Only certain lines below are wanted: those starting at the line containing "Pulsatilla alpina alpine" and ending at the line containing "Cirurgia Robótica Goiânia-Como", both included, each retyped exactly.

● **Source material**:

===

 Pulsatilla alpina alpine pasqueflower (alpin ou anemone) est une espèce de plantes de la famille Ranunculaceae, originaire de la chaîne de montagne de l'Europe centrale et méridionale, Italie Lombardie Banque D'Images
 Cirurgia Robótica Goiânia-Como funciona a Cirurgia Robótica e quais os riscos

===

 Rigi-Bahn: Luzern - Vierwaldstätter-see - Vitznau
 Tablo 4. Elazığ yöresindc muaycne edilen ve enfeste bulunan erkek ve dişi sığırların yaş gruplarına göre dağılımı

===

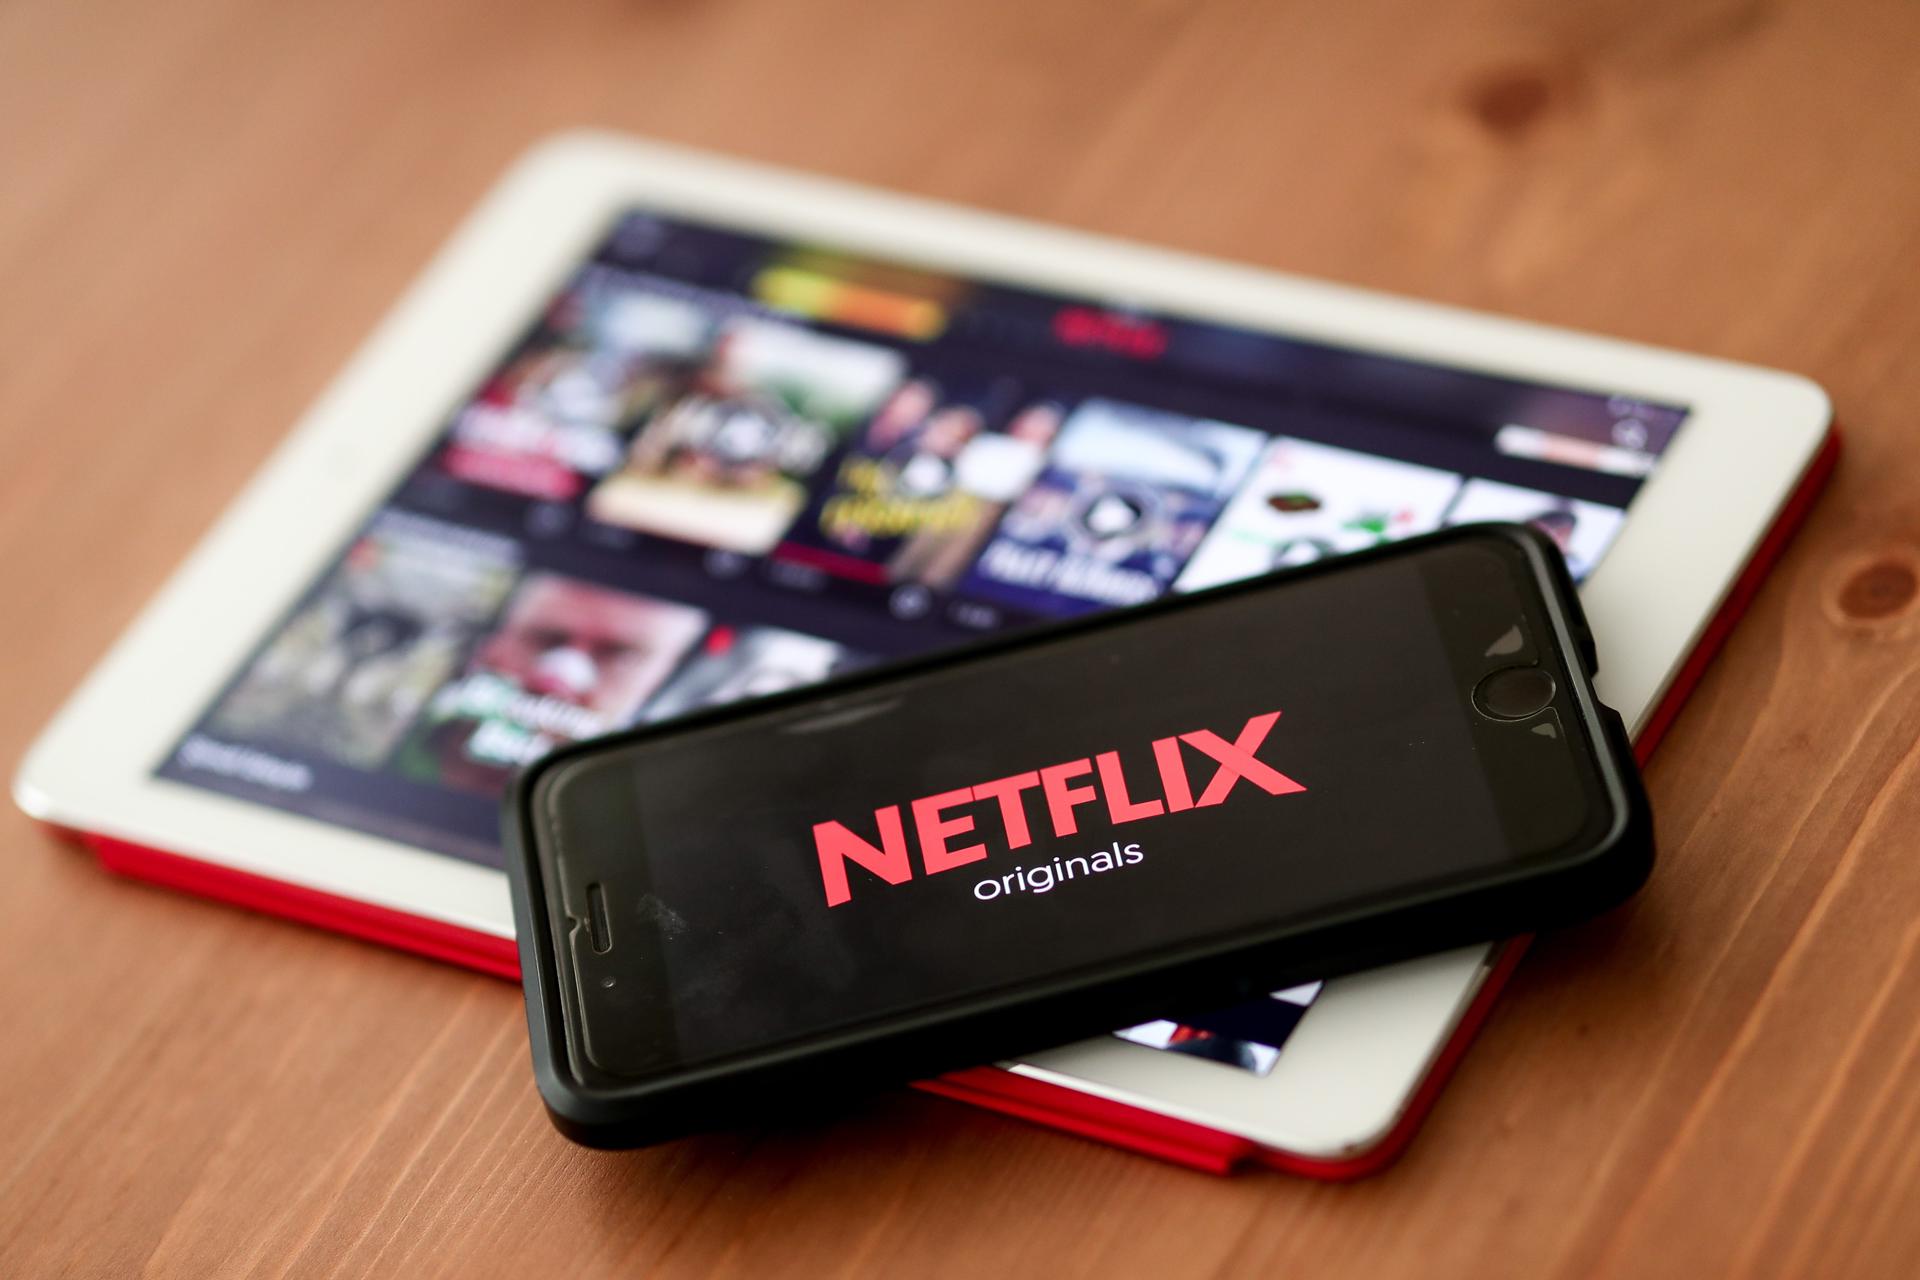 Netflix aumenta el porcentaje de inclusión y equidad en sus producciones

===

● **Written solution**:
 Pulsatilla alpina alpine pasqueflower (alpin ou anemone) est une espèce de plantes de la famille Ranunculaceae, originaire de la chaîne de montagne de l'Europe centrale et méridionale, Italie Lombardie Banque D'Images
 Cirurgia Robótica Goiânia-Como funciona a Cirurgia Robótica e quais os riscos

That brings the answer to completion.